I think it makes a lot more sense if you consider it from the perspective of
the C compiler and the need for a more modular source code layout. The first
issue is that the C compiler needs to compile individual C sources into
their equivalent assembly source file and then assemble all these files into
a single executable. You can do this with asm, but it's awkward from the
compiler perspective. The basic premise of asm is that you assemble a
collection of assembly source files (and perhaps a set of includes like
OS9Defs) into a single executable:
asm file1.asm file2.asm -o=/dd/cmds/file
The other issue is that the K&R C standard at the time included a
specification for a common C library and asm doesn't support libraries.

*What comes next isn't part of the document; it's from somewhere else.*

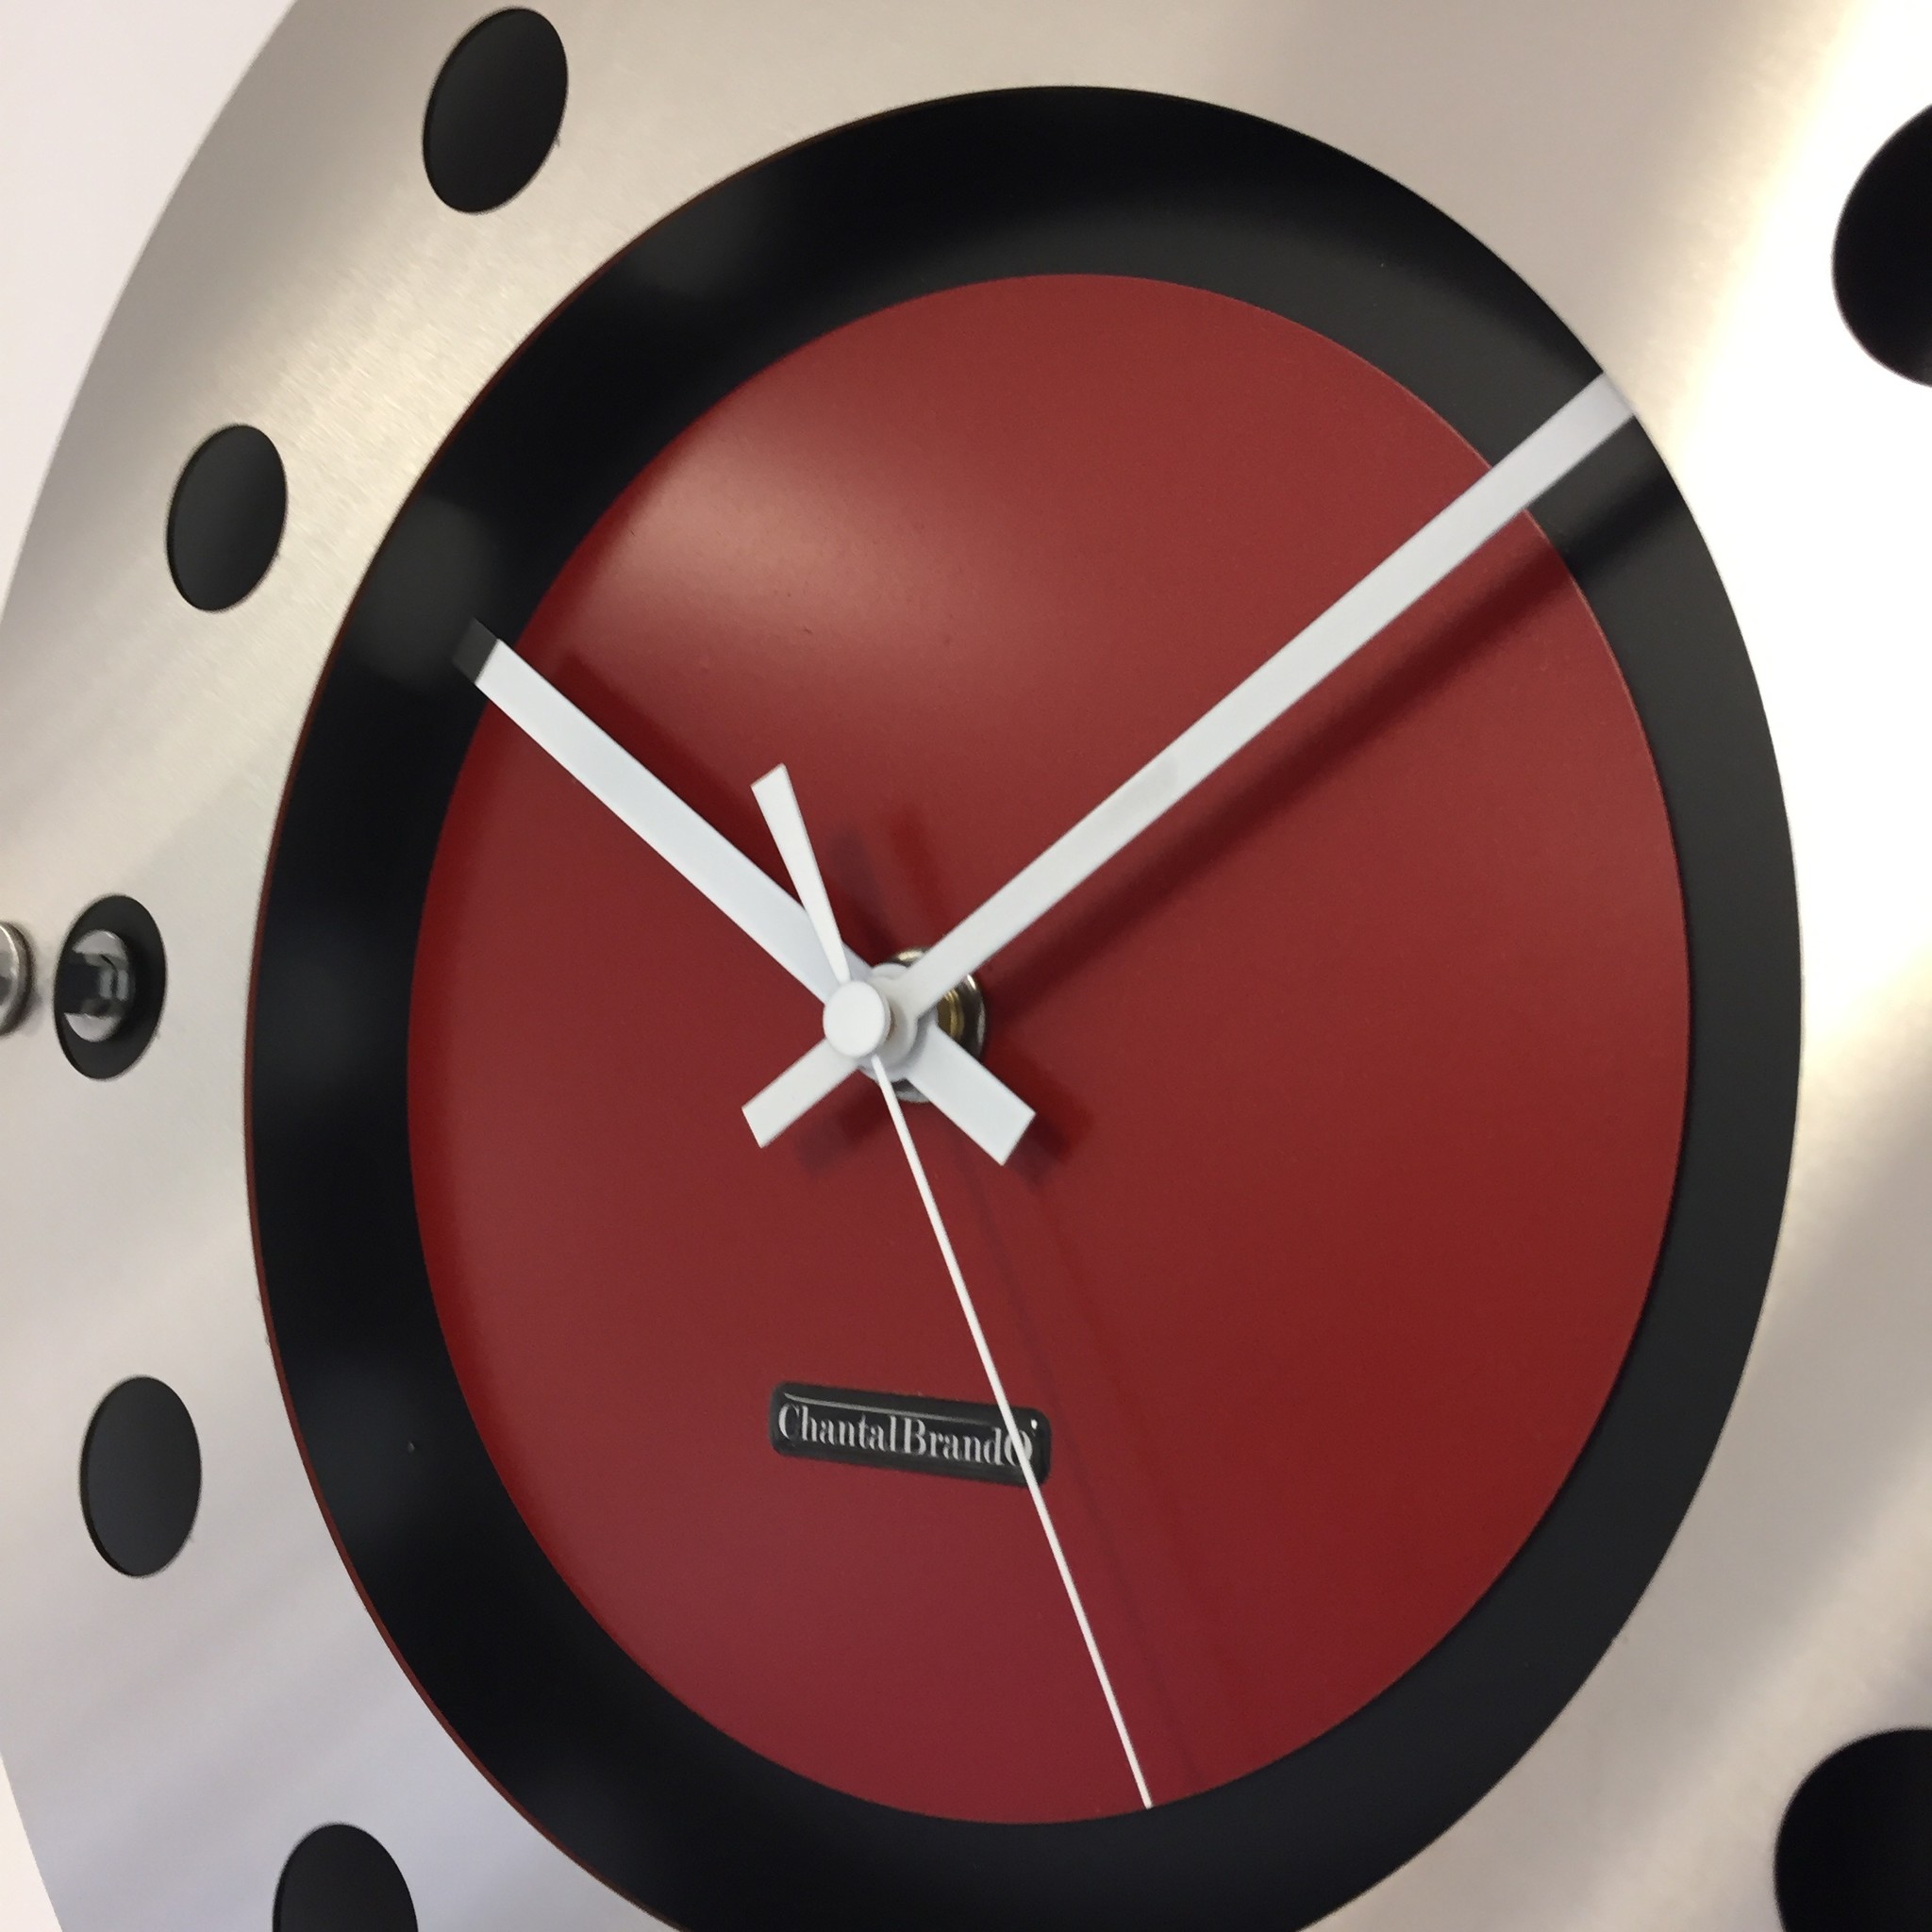 ChantalBrandO Design - Wandklok mecanica volledig zwart met rood color kleine binnen cirkel wit pointer modern dutch design handgemaakt 40 cm

The
best Microware could have done would be include the library source code on
disk and then try to assemble it all together. The disadvantage is that
there isn't enough space on the command line to support this with asm:
asm compiled1.asm compile2.asm /lib/fopen.asm /lib/fread.asm /lib/fwrite.asm
...
A theoretical way around the command line limitation would be say bundle all
the standard I/O code (fopen, fread, fwrite, fclose, fprintf, fscanf, and a
bunch of other stuff) into one assembly file. The disadvantage here is that
now your executable includes a ton of stuff you don't use.

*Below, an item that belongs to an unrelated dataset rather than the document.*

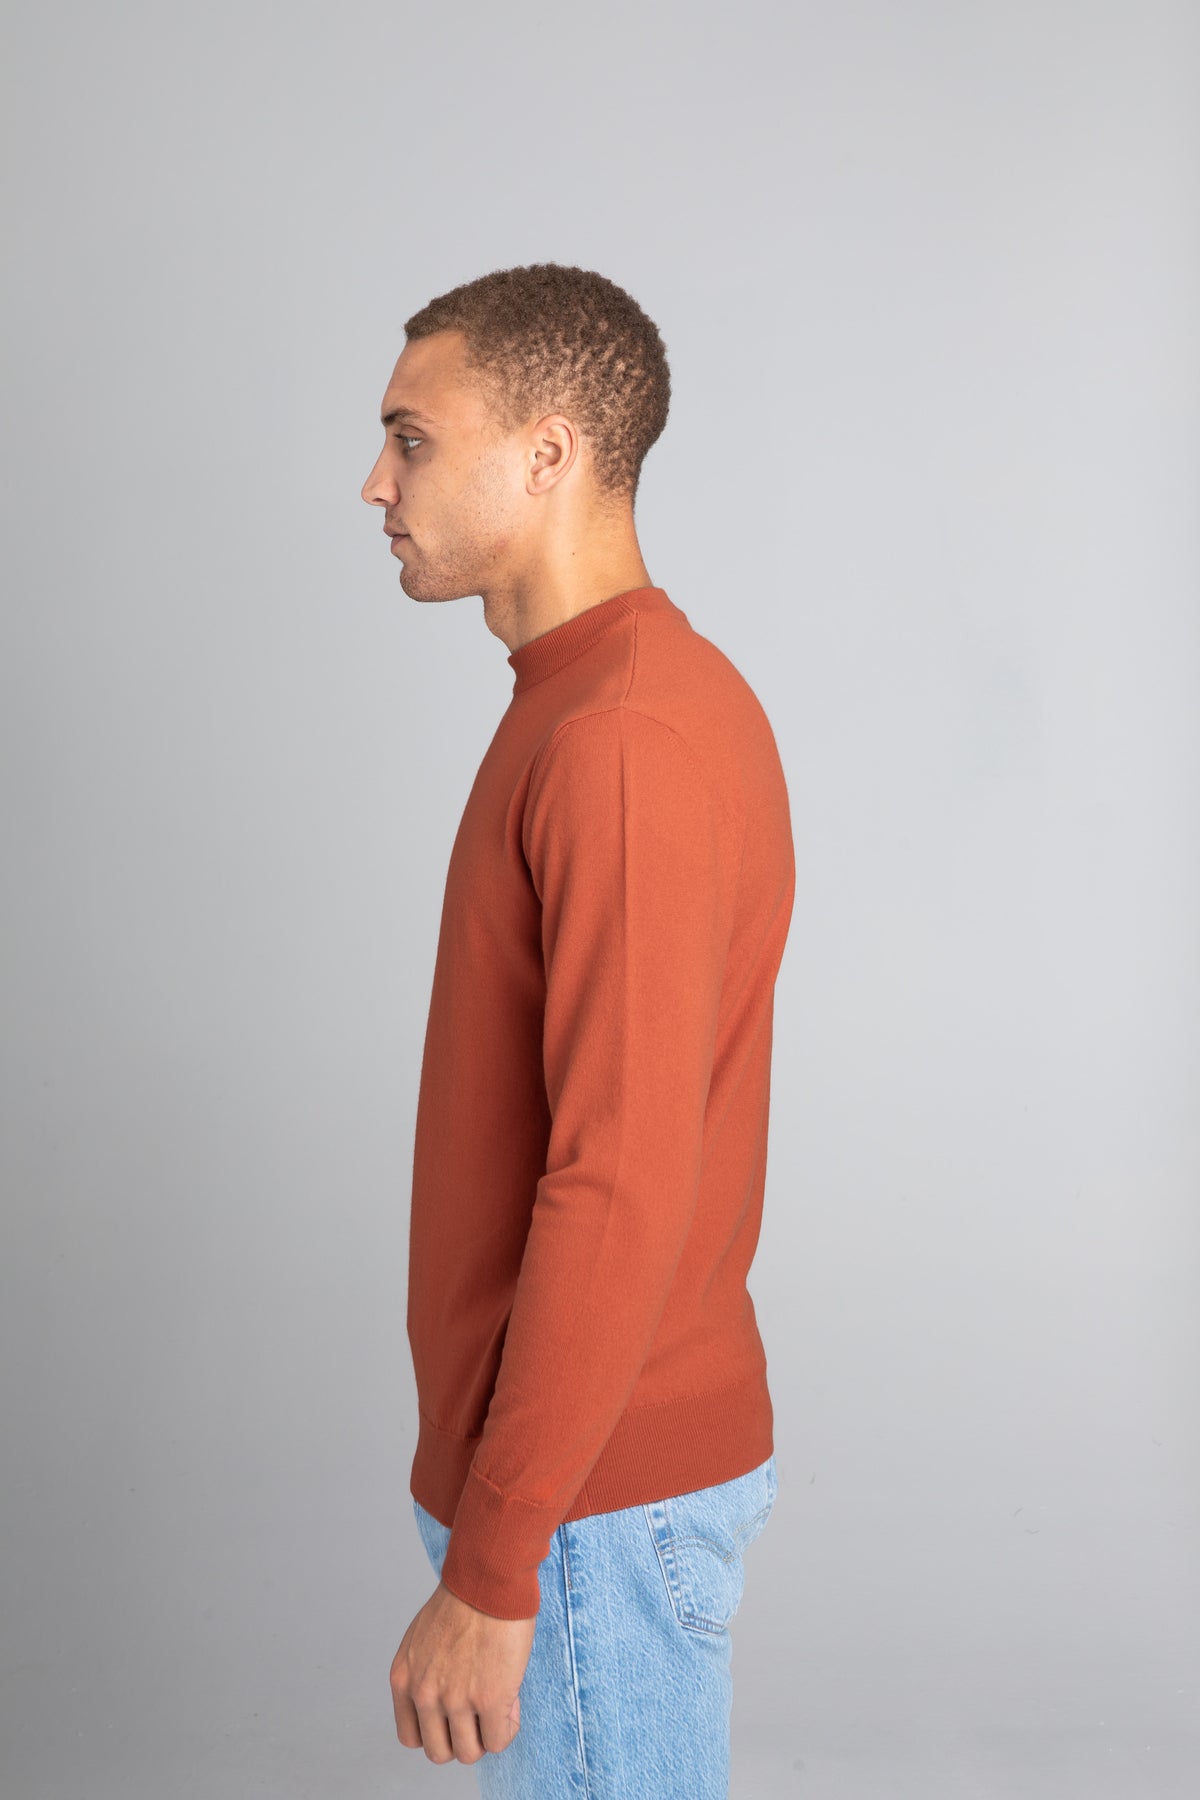 Model wearing The Merino Sweater lightweight Burnt Orange, left view - Unborn

In my opinion, asm just doesn't cut the mustard for use by a C compiler even
back in the '80s. It's a fine assembler, but it's just not designed to
handle high-level languages.
The real advantage with c.asm (RMA) and c.link (RLink) is that they are
designed to support multiple source files and libraries in such a way that
RLink can pick and choose the appropriate dependencies from a library file
without pulling in stuff you don't use. This is because the generated object
files contains a list of symbols (external dependencies) that the assembler
couldn't resolve.
rma file1.asm -o=file1.obj
rma file2.asm -o=file2.obj
rlink file1.obj file2.obj -l=/dd/lib/stdlib.lib -o=/dd/cmds/file
The command line seems pretty simple, but it hides a lot of complexity.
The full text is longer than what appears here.